第19話:出発前夜の魯肉飯と、聖母の晩酌
台北の裏路地。李家食堂の赤提灯が揺れている。
八角と醤油の甘い匂いが、夜風に混じっていた。
◆ ◆ ◆
日本への潜入ルートが確保され、出立は明日に迫った。
過酷な敵地へ向かう前に、済ませておくべきことがある。
俺は小梅と共に、この小さな大衆食堂を訪れていた。
◆ ◆ ◆
「ほら、今日は特別に肉を多めにしておいたわよ」
蘭が湯気を立てる魯肉飯を、優しくテーブルに置く。
「……ありがとうございます。しばらく、来られないので」
俺が静かに告げると、蘭の動きが少しだけ止まった。
小梅も無言のまま、自分のグラスを見つめている。
だが蘭は、余計な事情を一切聞かずにふわりと微笑んだ。
「いつでも帰ってきなさい。ここはあなたの家なんだから」
俺の頭を撫でる彼女の手は、どこまでも温かかった。
血と泥にまみれた心を洗う、無条件の聖域だ。
「志郎おじさん! わたしがいなくて寂しいでしょ?」
小飛が隣に座り込み、無邪気なウインクを返す。
「日本でも、裏回線からバッチリ手伝ってあげるからね!」
「……お手柔らかに頼む。」
「おじさんがいなくなったら、お姉ちゃん寂しくなるね」
「……馬鹿なこといってないで、早く食べなさい」
小梅が顔を背け、冷めたお茶をすする。
だが、その氷の瞳の奥には密かな決意が宿っていた。
ありふれた家族の食卓。平和で、騒がしくて、温かい時間。
過去の亡霊だった俺に、未来を守る確かな熱が宿る。
◆ ◆ ◆
深夜の李家食堂。
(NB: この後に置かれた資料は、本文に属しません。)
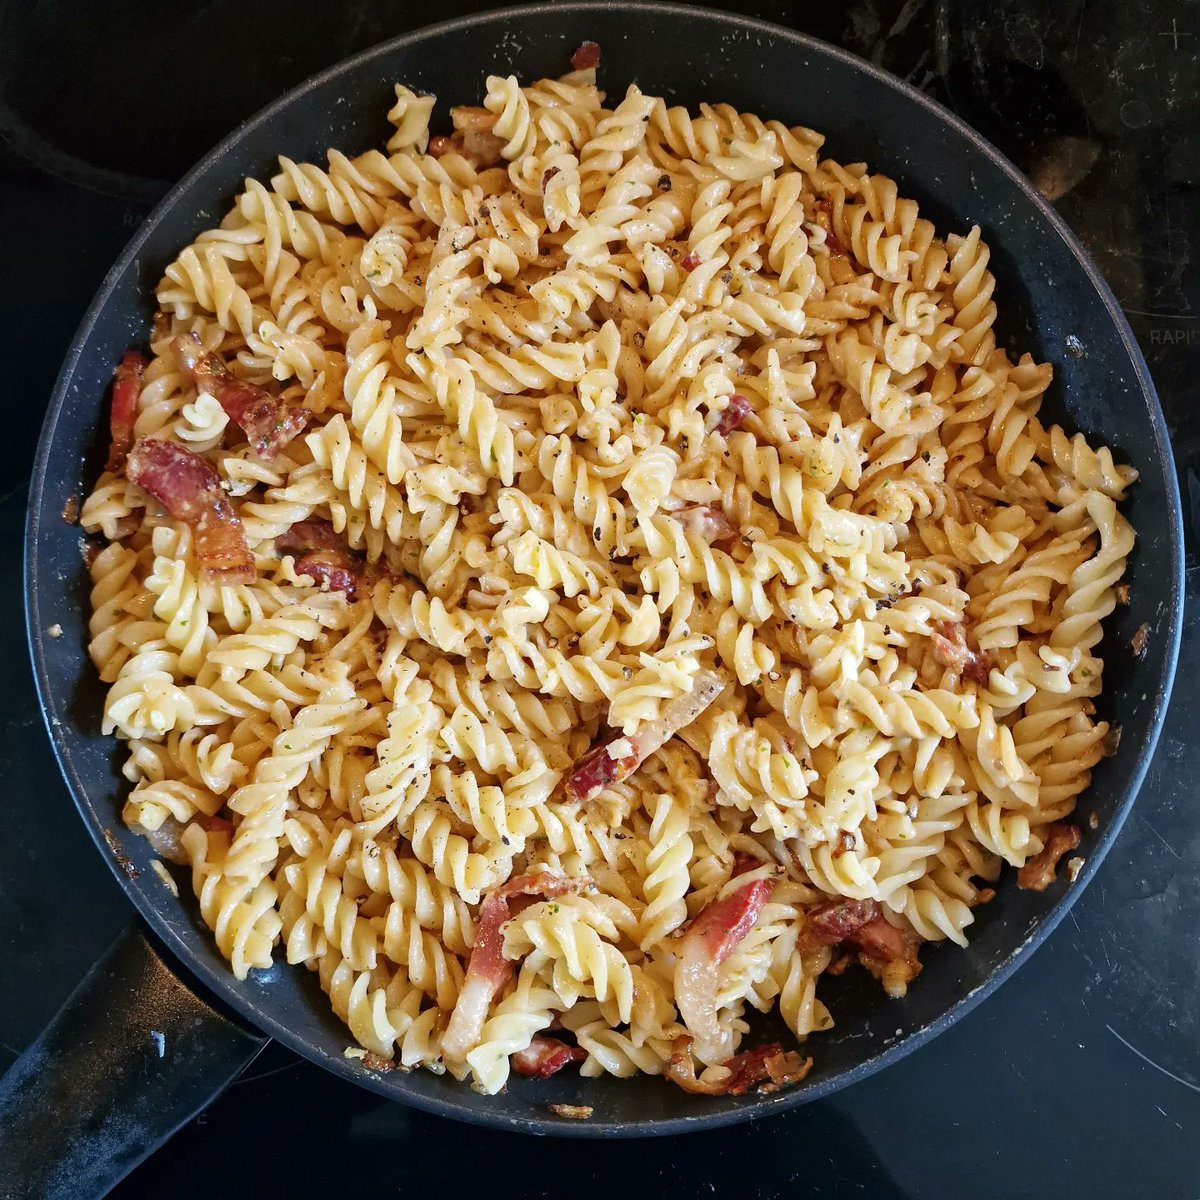 I've been told I need to make sure i have lunch more often instead of working through & not stopping. Tynefield Tamworth lardon pasta is on the menu today. Quick, easy & full of flavour! #farming

赤提灯の明かりはすでに落ちている。
外では、冷たい夜雨がアスファルトを叩いていた。
小梅や小飛が寝静まった後、俺は一人で店に下りてきた。
眠れなかったのではない。心が擦り切れていたのだ。
暗いカウンター席で、一人静かに息を吐き出す。
「……こんな時間に、悪い子ね」
ふわりと、甘い香水と八角の匂いが漂ってきた。
見ると、寝巻きに薄手の羽織をまとった蘭が立っていた。
右目の下の泣きぼくろが、艶やかな大人の色気を放っている。
「……すみません。少し、冷たい水が飲みたくて」
俺が誤魔化すと、蘭は小さなグラスを二つ並べた。
トクトクと、度数の高い琥珀色の酒が注がれる。
「冷たい水より、こっちのほうがよく眠れるわよ」
蘭は隣に座り、自分のグラスを軽く合わせた。
彼女は、俺がこれから死地へ向かう事情を一切聞かない。
ただ、疲れた男の孤独を察している。
「……あんたは、本当に不器用ね」
「背負わなくていいものまで、全部抱え込もうとする」
蘭はそっと俺の頭を引き寄せ、自分の膝の上に乗せた。
「なっ……! 蘭さん、これは……っ」
「いいの。今はただ、ゆっくり休みなさい」
豊満な太ももの柔らかさと、圧倒的な母性の温もり。
抗う気力もなく、俺は彼女の膝に身を委ねた。
髪を撫でる蘭の手は、凍りついた魂を溶かすように優しい。
未来の知識も、血にまみれた復讐も関係ない。
俺が、唯一背伸びせずに甘えられる究極の聖域。
「……ありがとうございます。…………すごく、温かい」
「ふふっ。いつでも帰ってきなさい。ここはあんたの家よ」
雨音を遠くに聞きながら、俺は静かに目を閉じた。
明日から再び始まる、血と泥の地獄を歩き抜くために。
最愛の彼女の破滅まで、あと983日。